Requirement:
From the first line to the last, copy the material exactly and leave the pictures out.

Source data:
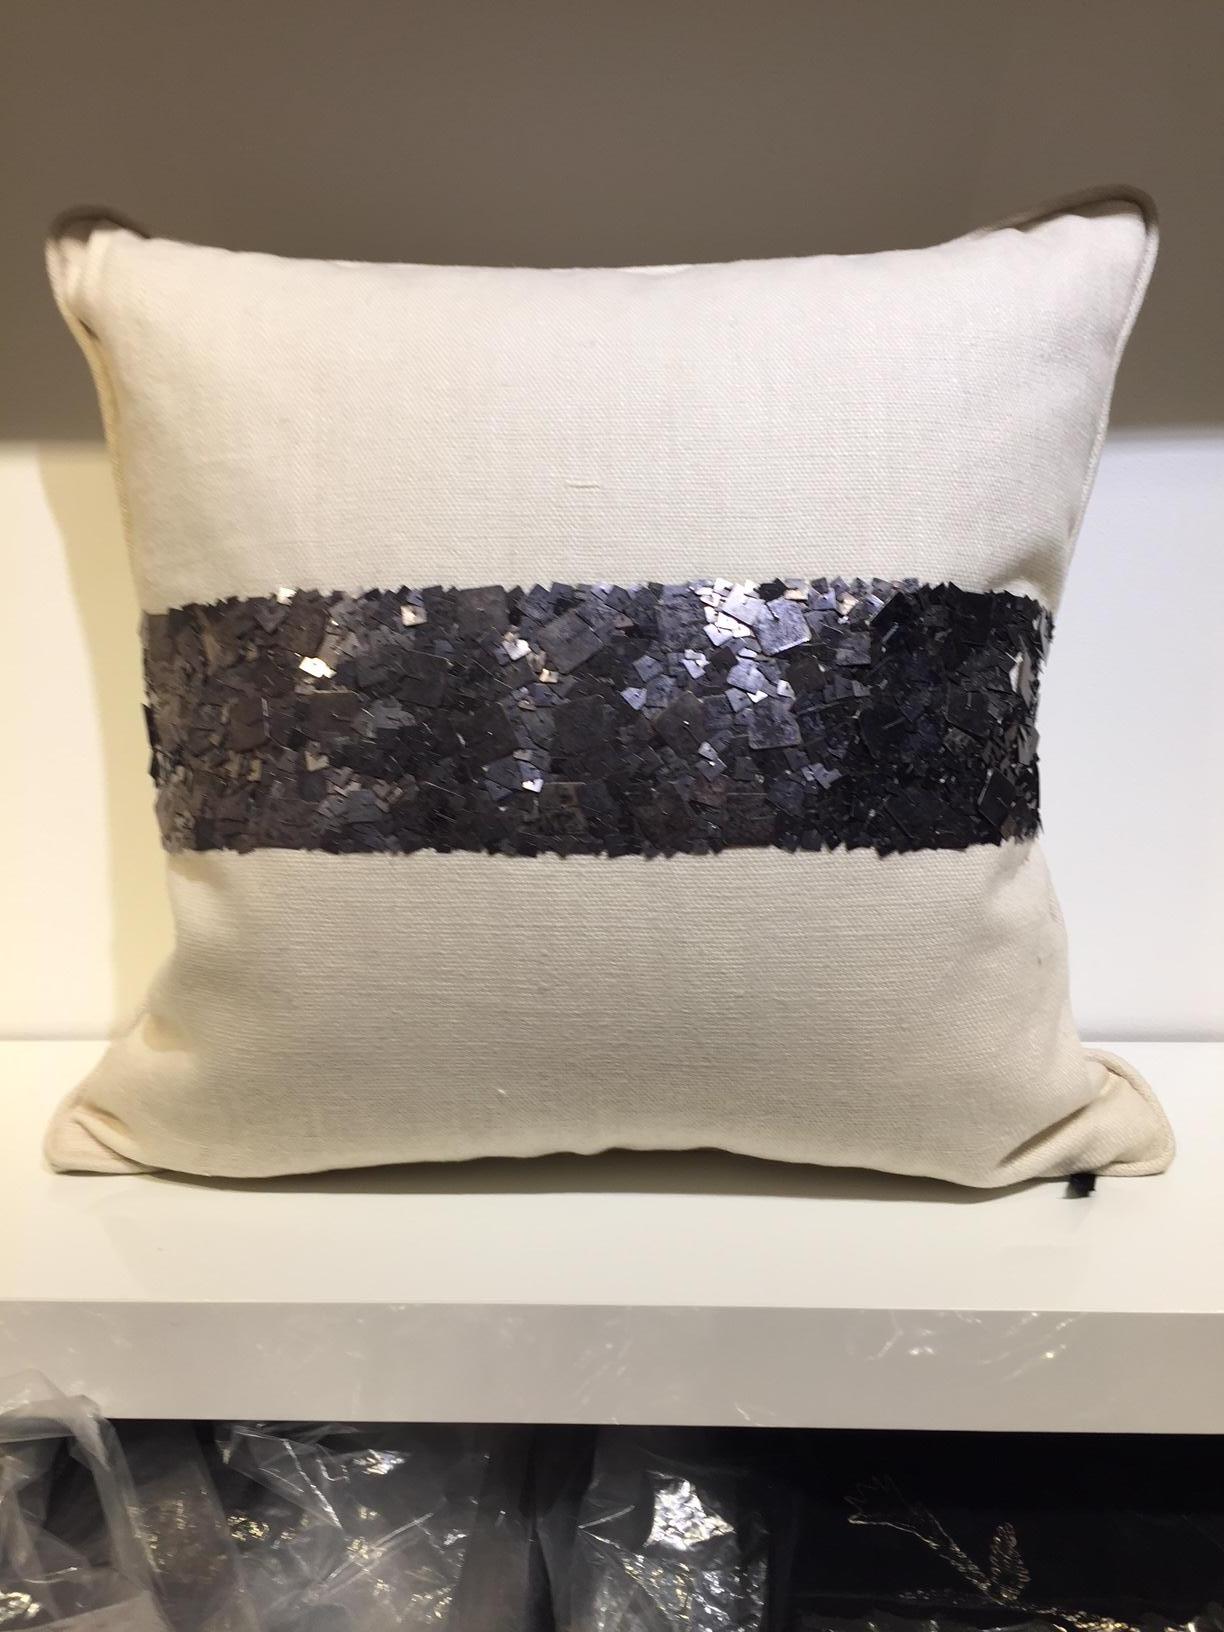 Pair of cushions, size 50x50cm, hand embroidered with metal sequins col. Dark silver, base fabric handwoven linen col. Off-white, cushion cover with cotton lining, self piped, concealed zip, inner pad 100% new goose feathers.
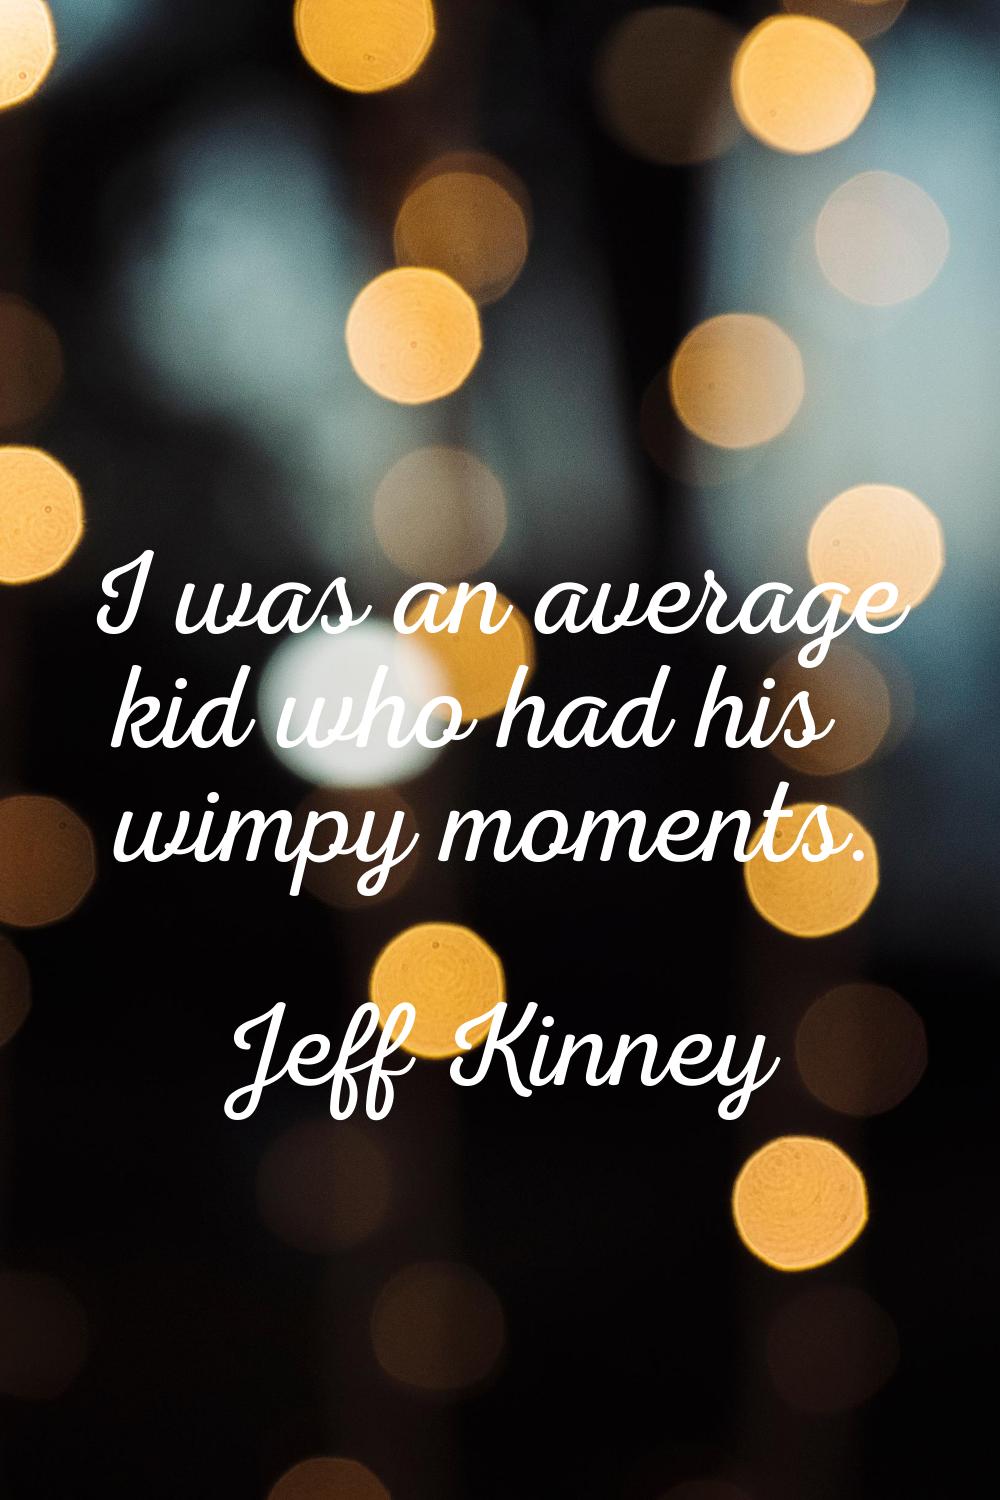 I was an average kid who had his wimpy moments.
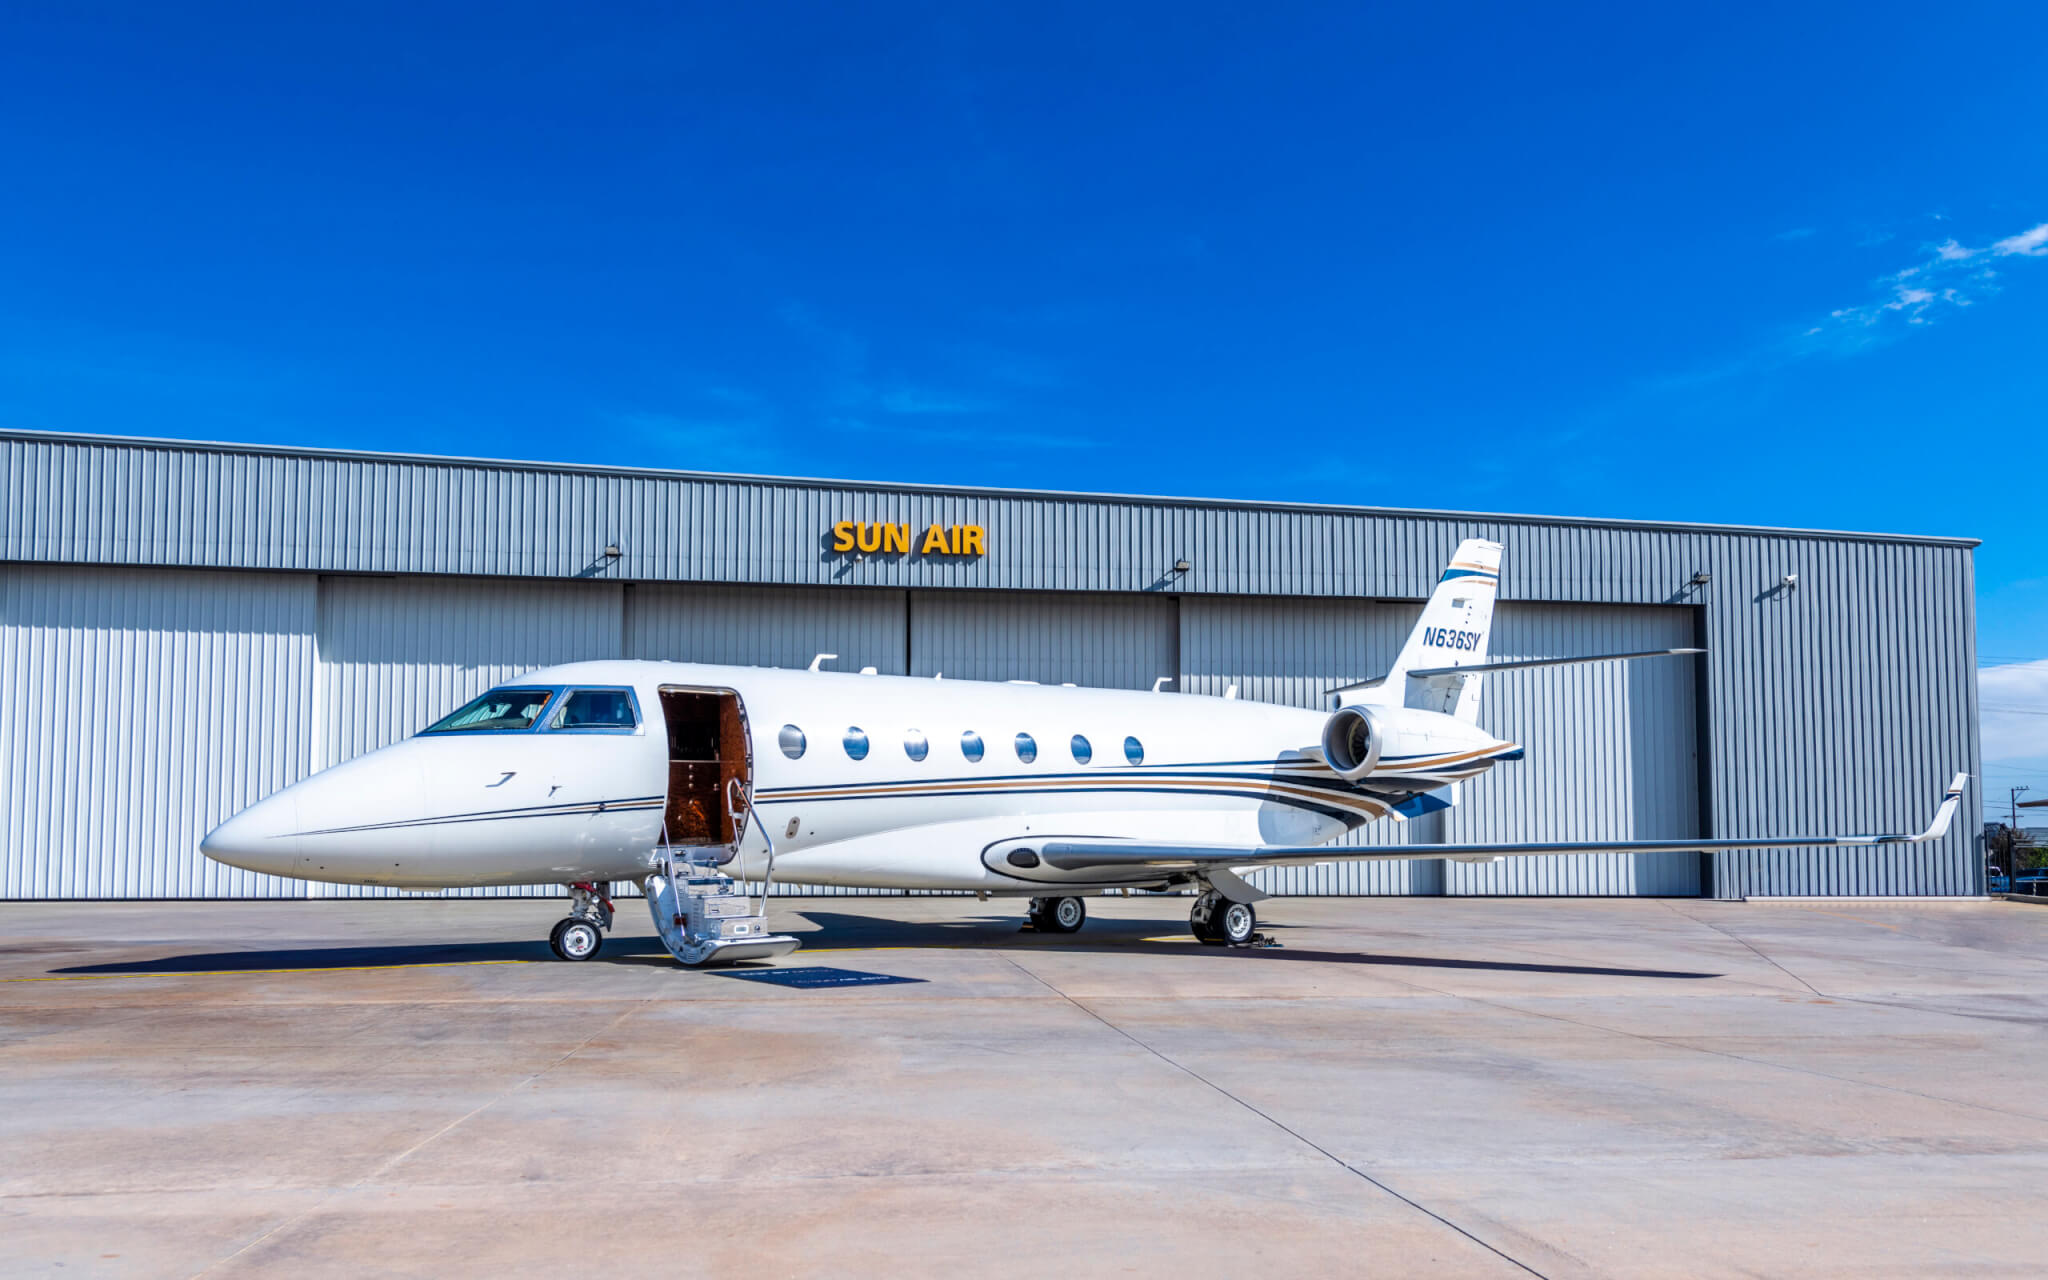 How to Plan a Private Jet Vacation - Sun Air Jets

Response to the task:
 Pair of cushions, size 50x50cm, hand embroidered with metal sequins col. Dark silver, base fabric handwoven linen col. Off-white, cushion cover with cotton lining, self piped, concealed zip, inner pad 100% new goose feathers.
 I was an average kid who had his wimpy moments.
 How to Plan a Private Jet Vacation - Sun Air Jets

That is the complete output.